Bangladeshi film director

Morshedul Islam (born 1 December 1958) is a Bangladeshi film director. His notable films include Agami (1984), Chaka (1993), Dipu Number Two (1996), Dukhai (1997), Khelaghor (2006), Durotto (2006) and Amar Bondhu Rashed (2011).

==Biography==
Islam was born on 1 December 1958 in Dhaka, in then East Pakistan. He made his film-making debut in 1984 with the short film Agami while he was a student.

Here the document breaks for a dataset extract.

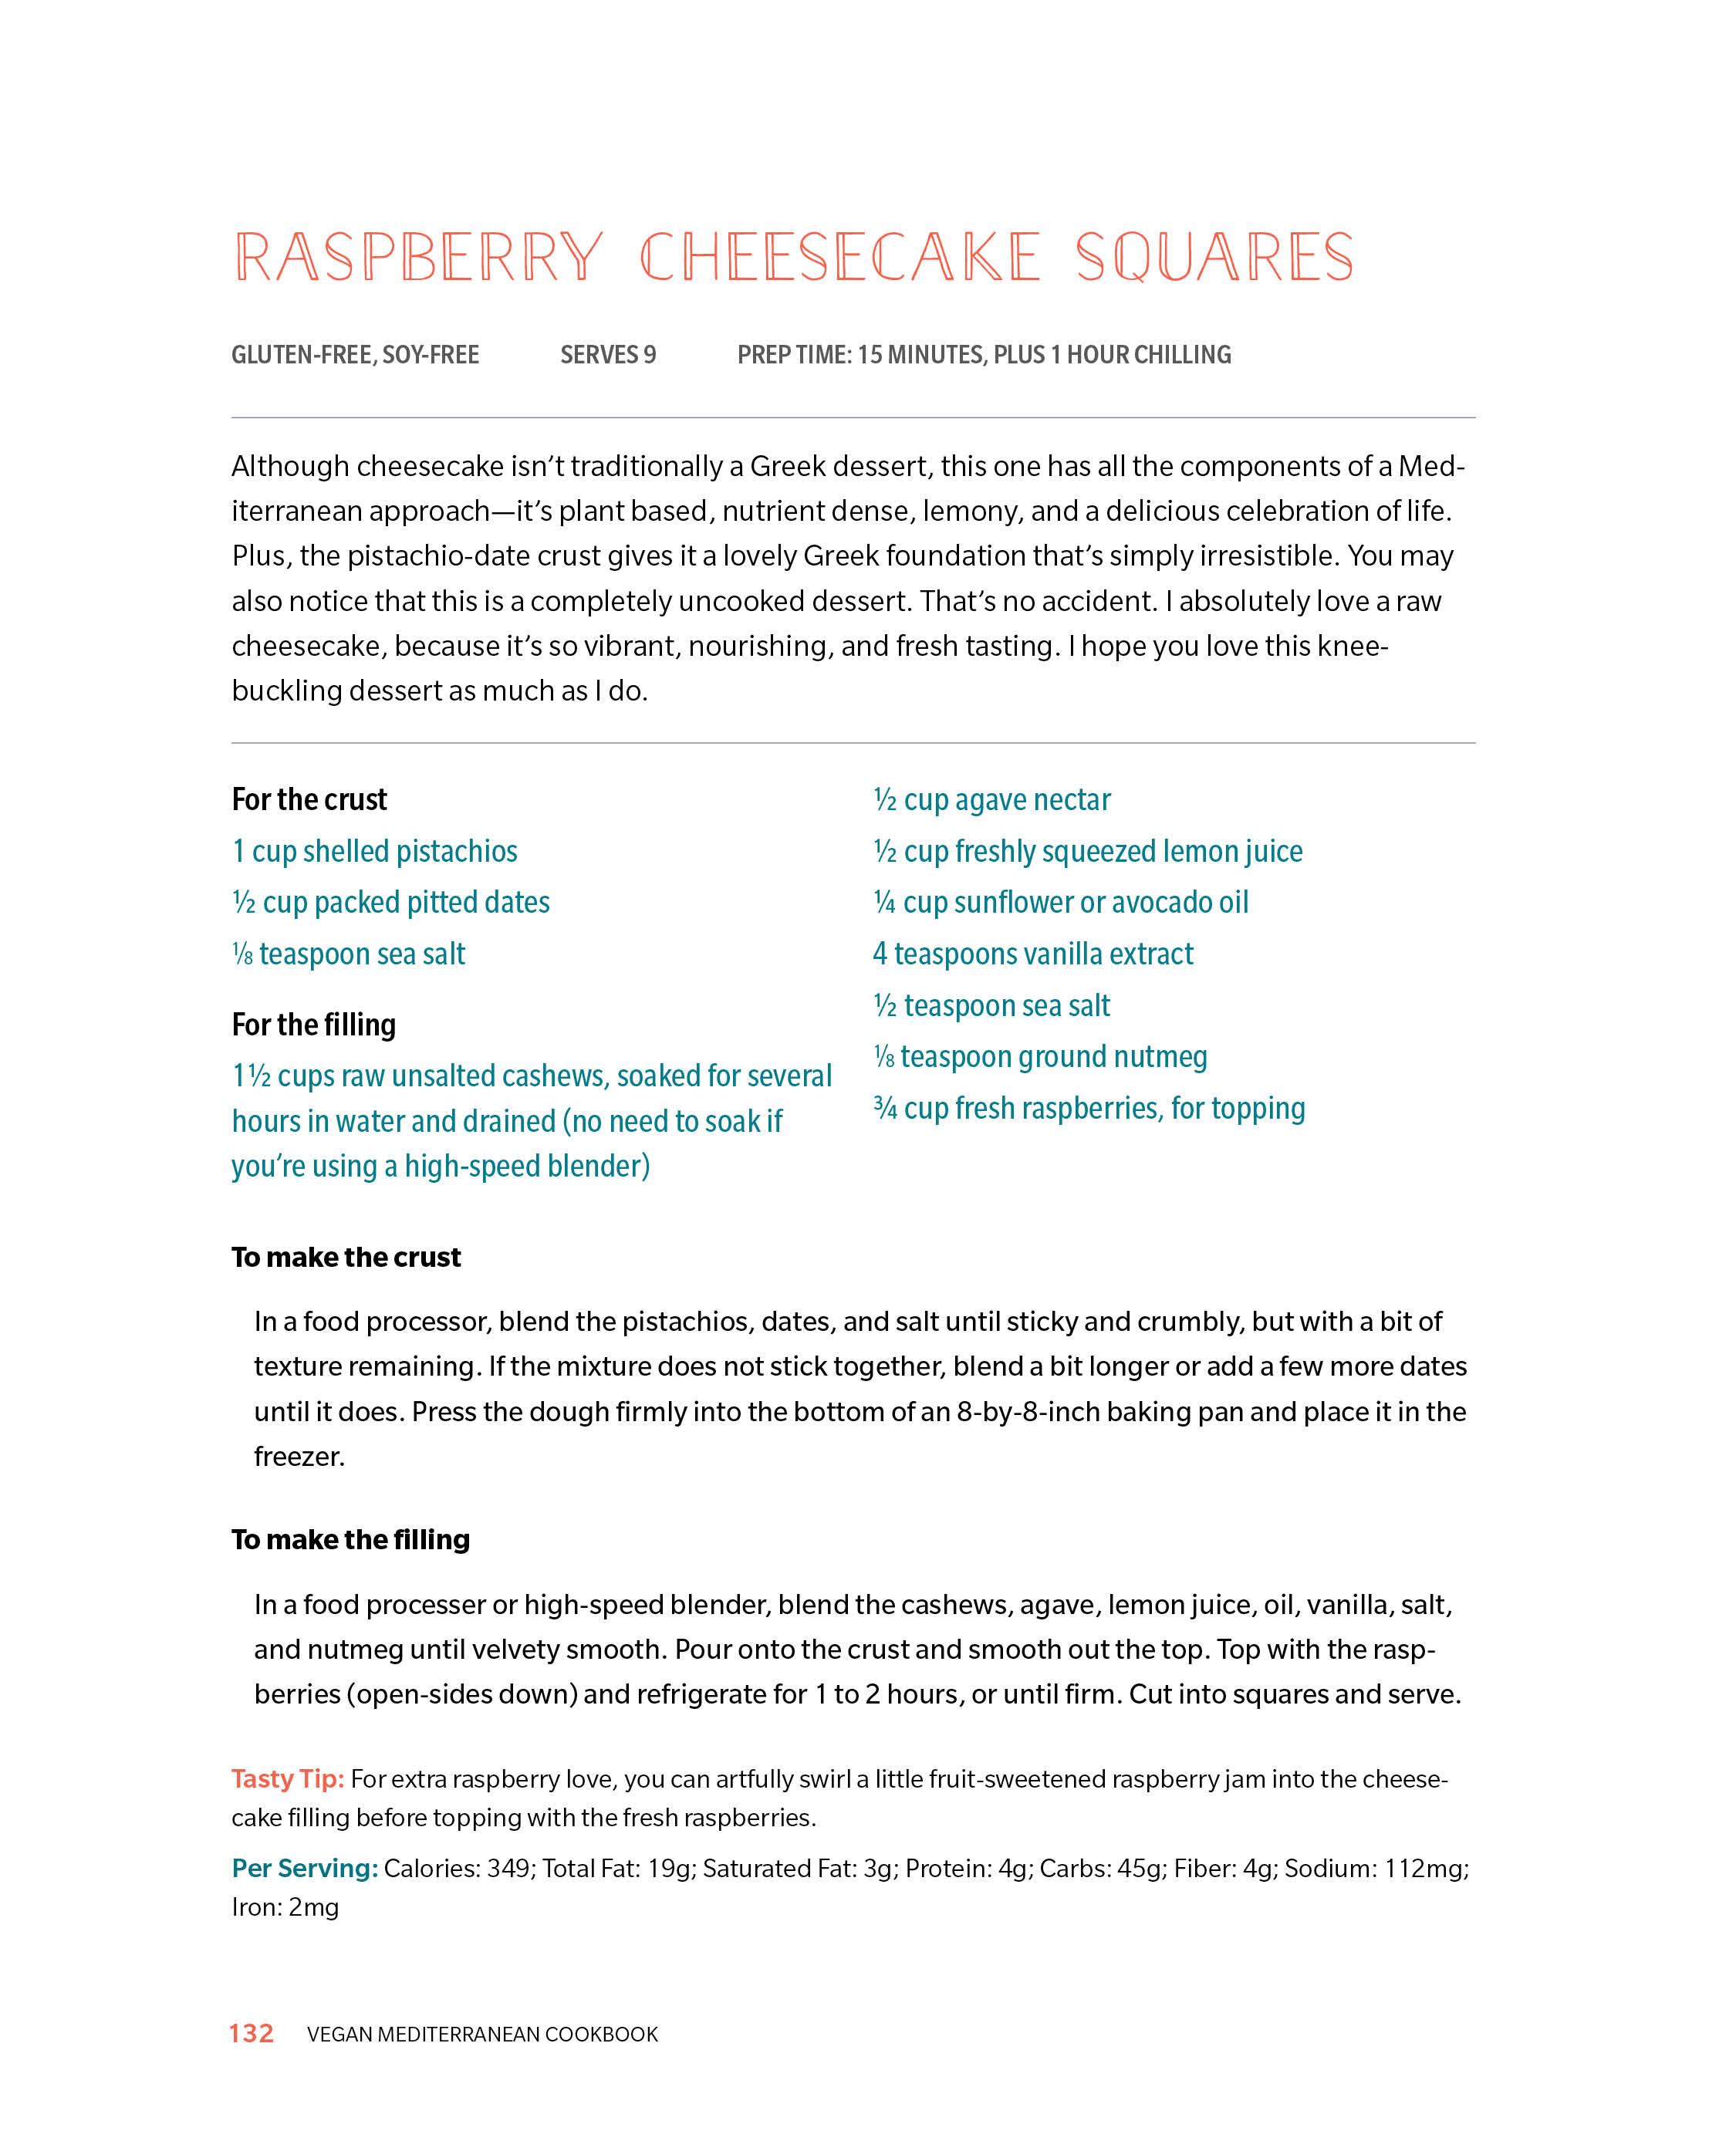 9781641526142_recipes_020.jpg

Film critic Ahmed Muztaba Zamal, writing in Cinemaya in 2000, named Islam's Chaka as one of the top twelve films from Bangladesh.

==Filmography==
- Agami (1984)
- Nouka O Jibon (1986)
- Shuchona (1988)
- Chaka (The Wheel, 1993)
- Dipu Number Two (1996)
- Dukhai (1997)
- Brishty (2000)
- Shorot 71 (2000)
- Durotto (2004)
- Khelaghor (2006)
- Vooter Bari (2007)
- Priyotomeshu (2009)
- Amar Bondhu Rashed (2011)
- Anil Bagchir Ekdin (2015)
- Ankhi O Tar Bandhura (2017)

==Awards and honours==

- International Critics Award in International Filmfestival Mannheim-Heidelberg in 1983
- Best telefilm, National Film Award 1984
- Bangladesh National Film Award for Best Director, 2015, Anil Bagchir Ekdin (jointly with Reazul Mowla Rezu's Bapjaner Bioscope)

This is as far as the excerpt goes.